Highlights & Insights¶
- Systematic Analysis Framework: Decomposing multilingual reasoning into three stages and using Shapley decomposition for attribution provides a rigorous and generalizable methodology.
- "Understanding is the Bottleneck": This insight challenges the intuition that the reasoning capability itself is the primary cause of cross-lingual gaps, revealing that the true root lies in input comprehension.
- Correlation (r=0.951) between translation and reasoning capabilities provides clear optimization directions for improving multilingual RLMs.
- Practicality of Selective Translation: This inference-time intervention significantly improves low-resource language performance without requiring model modification.
- Early Detection: The finding that interventions can be decided early in the generation process further enhances efficiency.
Limitations & Future Work¶
- Experiments primarily focus on math and STEM reasoning; applicability to domains like commonsense reasoning remains to be verified.
- Language coverage includes 10 languages; verification across more extremely low-resource languages is needed.
- Analysis focuses on English-led reasoning; models that perform reasoning in other languages (e.g., Russian) have not been explored.
- Selective Translation relies on external systems (GPT-4.1), introducing additional latency and cost.
- Future direction: Integrating understanding failure detection and mitigation mechanisms directly into model training.
Related Work & Insights¶
- vs.
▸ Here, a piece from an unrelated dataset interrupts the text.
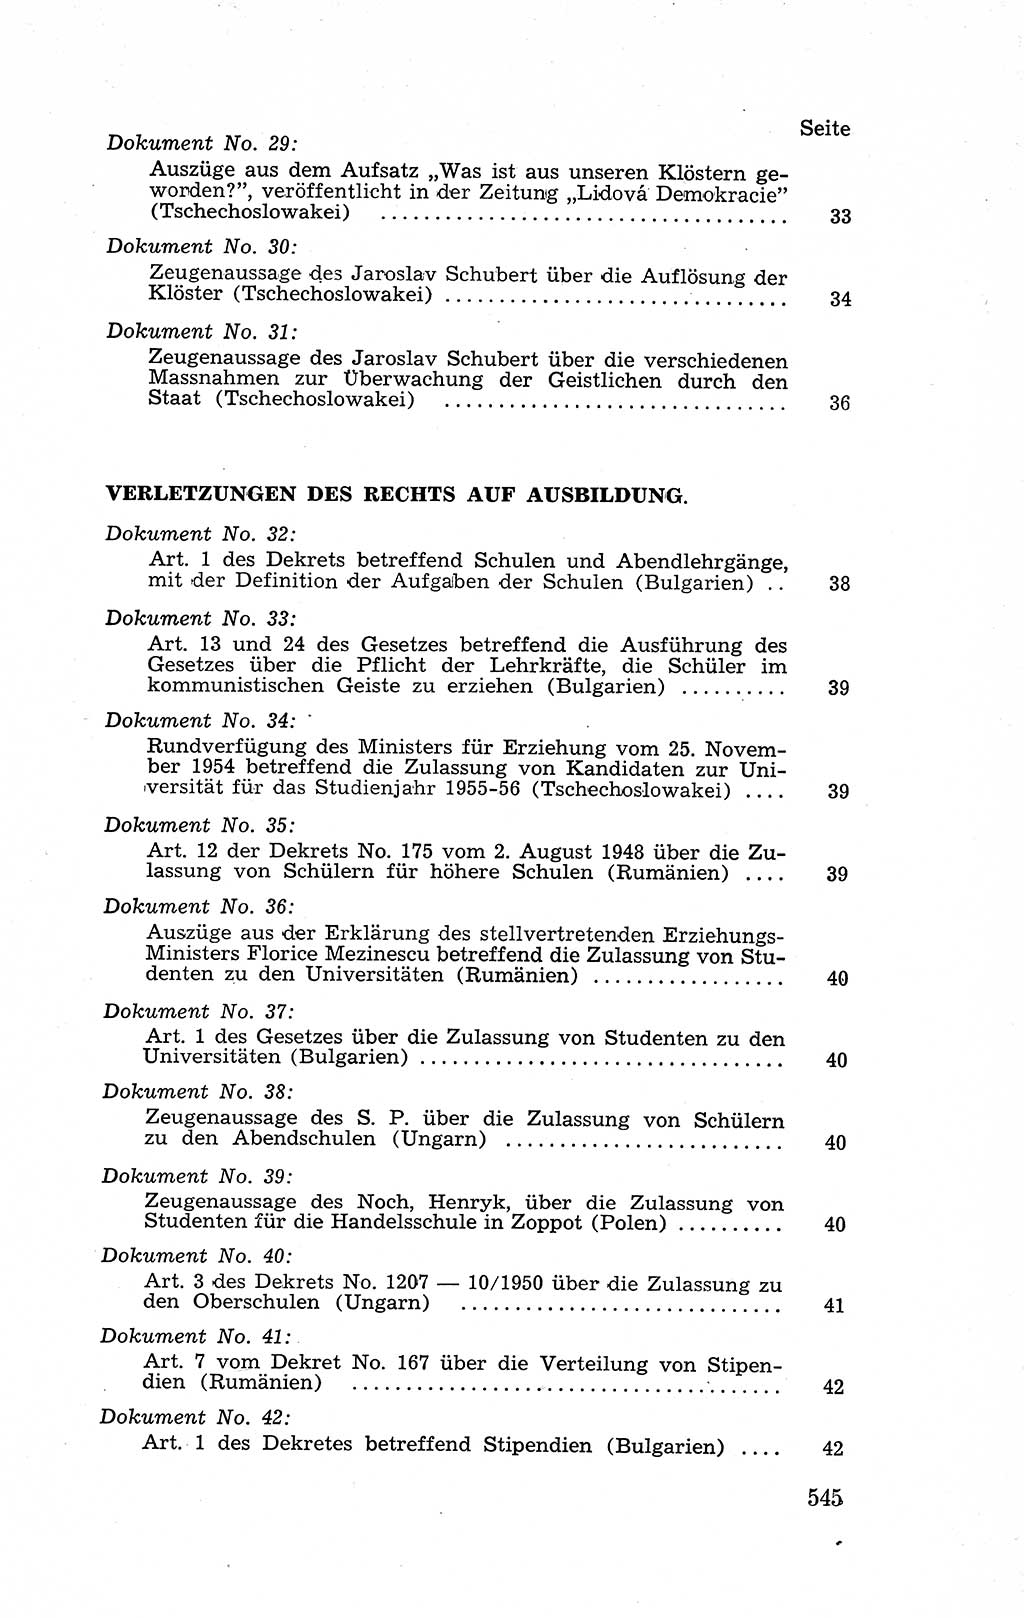 Recht in Fesseln, Dokumente, Internationale Juristen-Kommission [Bundesrepublik Deutschland (BRD)] 1955, Seite 545 (R. Dok. IJK BRD 1955, S. 545)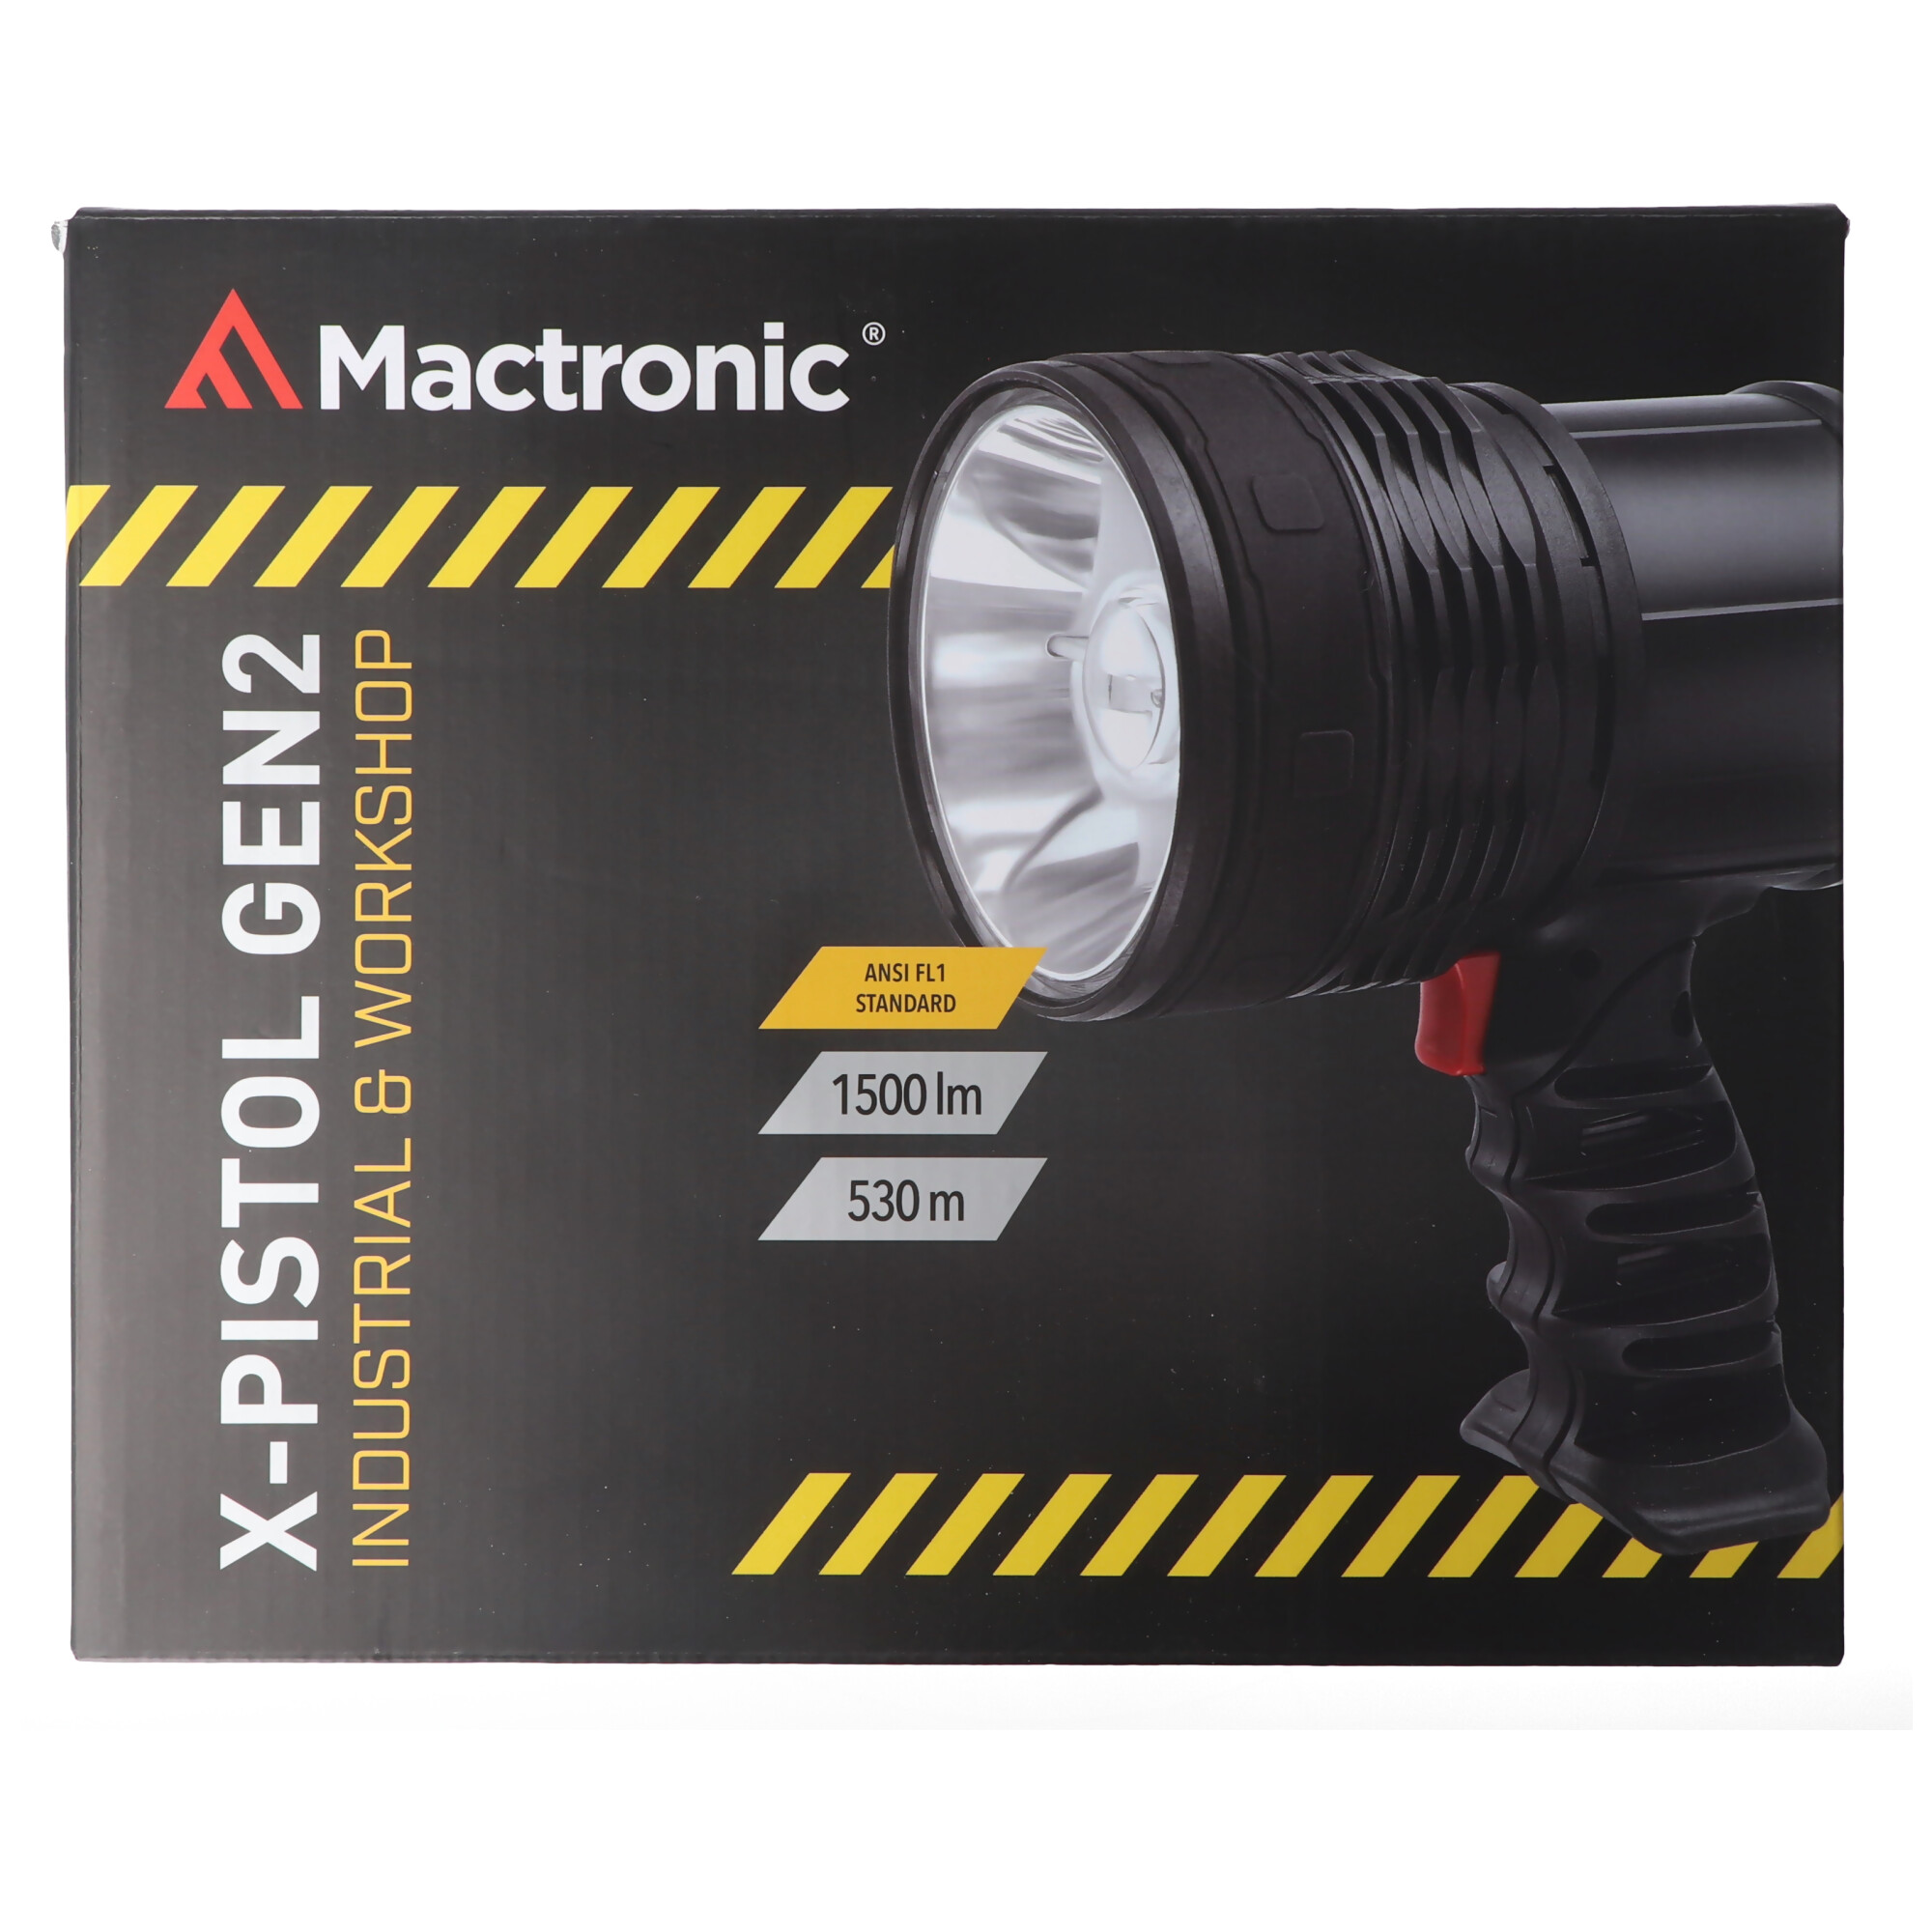 LED Handstrahler, der Suchstrahler mit , 1500 Lumen, mit Fokus, max. 530 Meter, Wasserdicht IPX6

Full Translation: Selective Translation achieves approximately 98% of the performance of full translation with 20% of the cost.
- vs. Language-forcing: Forcing target language reasoning often decreases accuracy or requires expensive training data; the proposed solution is more economical.
- vs. Representation Editing: Unlike Zhao et al. (2025), this method requires no internal modification of model representations.
- vs. Cross-lingual Collapse (Park et al., 2025): While the latter uses consistency rewards during training, the proposed method is a pure inference-time approach.
Rating¶
- Novelty: ⭐⭐⭐⭐ First systematic attribution of the multilingual reasoning gap source; Shapley framework and selective translation are innovative.
- Experimental Thoroughness: ⭐⭐⭐⭐⭐ Comprehensive experiments across multiple models, languages, and difficulties, including generalization and early detection.
- Writing Quality: ⭐⭐⭐⭐⭐ Clear structure; logical progression from analysis to detection to mitigation; informative visualizations.
- Value: ⭐⭐⭐⭐ Provides clear guidance for multilingual reasoning research; Selective Translation has high practical utility.